RECORDS FOR THIS EXERCISE.

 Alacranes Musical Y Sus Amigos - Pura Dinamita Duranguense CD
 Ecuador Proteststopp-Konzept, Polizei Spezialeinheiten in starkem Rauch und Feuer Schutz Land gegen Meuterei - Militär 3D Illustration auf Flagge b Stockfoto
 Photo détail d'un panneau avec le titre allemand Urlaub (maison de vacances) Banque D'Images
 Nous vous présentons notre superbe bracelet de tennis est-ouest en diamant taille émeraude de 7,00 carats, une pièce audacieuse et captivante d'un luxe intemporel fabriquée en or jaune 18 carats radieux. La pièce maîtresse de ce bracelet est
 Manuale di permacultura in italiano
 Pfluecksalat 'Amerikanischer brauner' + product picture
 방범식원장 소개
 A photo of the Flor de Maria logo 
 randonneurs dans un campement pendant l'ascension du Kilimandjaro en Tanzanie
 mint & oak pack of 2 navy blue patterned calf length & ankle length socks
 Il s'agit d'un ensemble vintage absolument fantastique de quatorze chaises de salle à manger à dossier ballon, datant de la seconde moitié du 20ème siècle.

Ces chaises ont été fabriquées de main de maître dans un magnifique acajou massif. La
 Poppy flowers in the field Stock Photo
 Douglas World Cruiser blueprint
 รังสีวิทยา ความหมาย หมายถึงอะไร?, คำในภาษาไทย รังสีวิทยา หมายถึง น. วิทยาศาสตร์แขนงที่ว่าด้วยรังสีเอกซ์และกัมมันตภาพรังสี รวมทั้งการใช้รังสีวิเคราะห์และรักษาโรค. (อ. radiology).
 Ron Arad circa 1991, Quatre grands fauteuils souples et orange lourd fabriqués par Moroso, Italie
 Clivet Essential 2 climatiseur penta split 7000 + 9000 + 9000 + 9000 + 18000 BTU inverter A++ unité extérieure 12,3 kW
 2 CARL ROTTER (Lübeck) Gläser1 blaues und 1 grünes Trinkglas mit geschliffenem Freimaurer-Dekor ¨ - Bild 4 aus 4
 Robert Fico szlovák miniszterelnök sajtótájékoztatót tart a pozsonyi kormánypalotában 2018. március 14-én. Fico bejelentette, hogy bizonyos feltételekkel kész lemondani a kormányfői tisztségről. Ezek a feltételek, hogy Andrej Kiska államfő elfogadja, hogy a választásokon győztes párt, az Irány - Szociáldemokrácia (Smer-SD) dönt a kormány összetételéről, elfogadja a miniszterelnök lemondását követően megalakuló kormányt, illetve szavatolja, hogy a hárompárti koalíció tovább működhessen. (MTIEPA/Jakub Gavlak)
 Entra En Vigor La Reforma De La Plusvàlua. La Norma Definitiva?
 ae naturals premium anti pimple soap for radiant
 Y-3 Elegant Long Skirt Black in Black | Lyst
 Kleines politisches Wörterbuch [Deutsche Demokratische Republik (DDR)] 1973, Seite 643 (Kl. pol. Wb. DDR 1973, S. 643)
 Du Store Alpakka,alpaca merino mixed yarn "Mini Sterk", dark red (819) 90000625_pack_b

EXERCISE DIRECTIONS. Check each line of the records above for the string "dans", and report every line that has it.

RESPONSE TO THE TASK.
 randonneurs dans un campement pendant l'ascension du Kilimandjaro en Tanzanie
Ces chaises ont été fabriquées de main de maître dans un magnifique acajou massif. La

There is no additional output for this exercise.